Évaluation de la méthode ADNe pour la détection et la lutte contre les espèces exotiques envahissantes végétales

Introduite en dehors de leur aire de répartition naturelle, les Espèces Exotiques Envahissantes (EEE) modifient profondément les équilibres écologiques en se propageant durablement et en rentrant en compétition avec la biodiversité native. La lutte contre les EEE, notamment végétales, est devenue indispensable dans le cadre de la préservation de la biodiversité. Dans une démarche prospective et novatrice, Grenoble Alpes Métropole a souhaité évaluer une méthodologie de détection moléculaire précoce des astéracées, famille de plantes herbacées dont certaines espèces, comme l'aster lancéolé, sont considérées comme invasives, afin d'améliorer la planification des actions territoriales de management paysager des invasions.

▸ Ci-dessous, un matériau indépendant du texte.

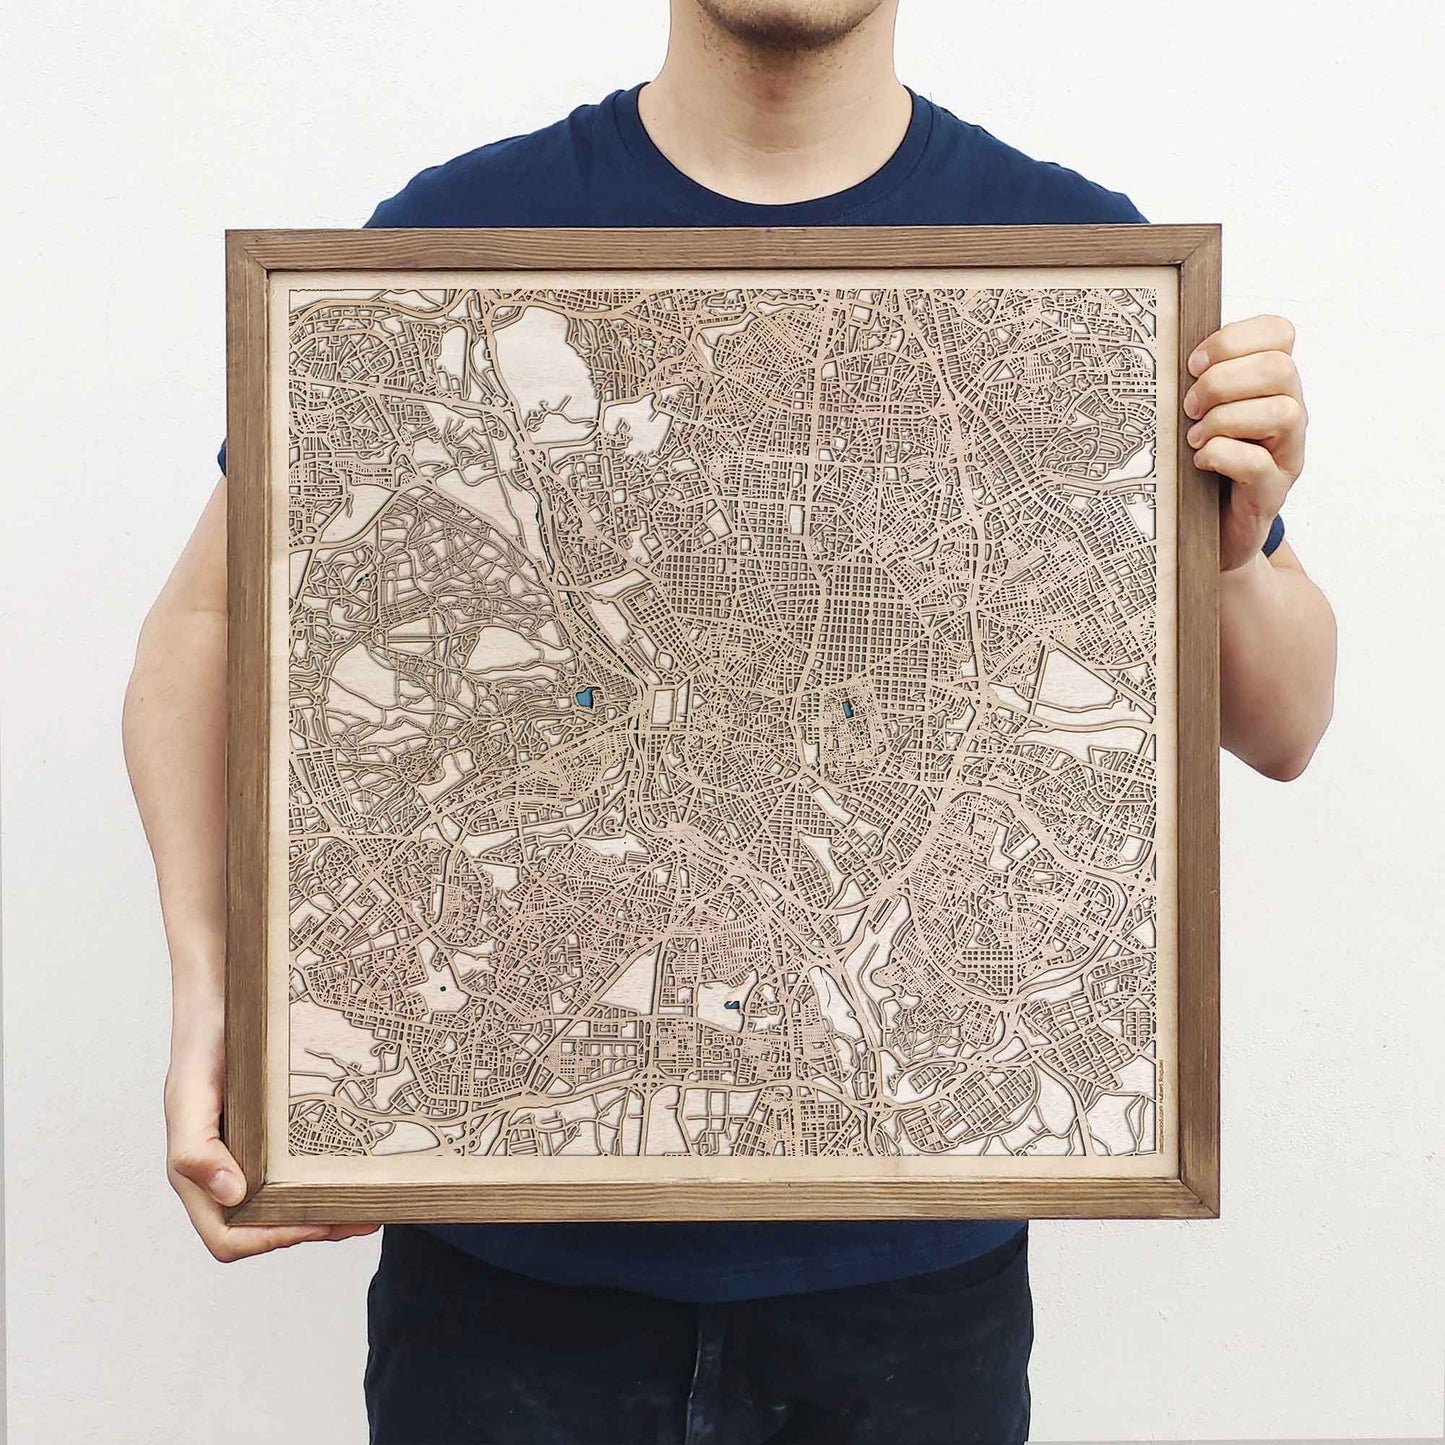 Madrid Wooden Map by CityWood - Custom Wood Map Art - Unique Laser Cut Engraved - Anniversary Gift

Mission d'ARGALY, en collaboration avec CRISALID : 

Tester un plan expérimental basé sur la méthode de metabarcoding ADNe en vue de détecter des espèces herbacées vivaces invasives dans un espace naturel de la métropole grenobloise.

Échantillonnage

Le parc Hubert Dubedout, géré par Grenoble Alpes Métropole, a été choisi comme site d'étude. Cinq parcelles présentant différents degrés d'infestation ont été définies comme suit :

  1. Parcelle non infestée : zone a priori vierge de toute EEE utilisée comme témoin négatif, en milieu de prairie

  2. Parcelle émergente : zone identifiée à la suite de rares observations d'EEE sur le terrain

  3. Parcelle peu infestée : zone présentant quelques plantes invasives 

  4. Parcelles infestées : deux zones avec observations régulières d'astéracées invasives. Ces deux parcelles sont soumises à des traitements d'intervention différents : l'une a fait l'objet d'un fauchage (A) tandis que l'autre a subi un arrachage (B) des plants d'asters. 

Chaque parcelle a fait l'objet de prélèvements de sol en triplicats biologiques à trois périodes successives : printemps 2023 / automne 2023 / printemps 2024. 

L'objectif de ce plan expérimental était de répondre aux questions suivantes : 

L'ADNe terrestre peut-il être utilisé comme un outil de biodiagnostic précoce et sensible des EEE végétales vivaces, dont la partie aérienne disparaît annuellement en hiver ?

L'ADNe terrestre révèle-t-il les effets de différents traitements des EEE végétales (fauchage vs. arrachage), et si oui, peut-il constituer un outil d'aide à la décision paysagère ?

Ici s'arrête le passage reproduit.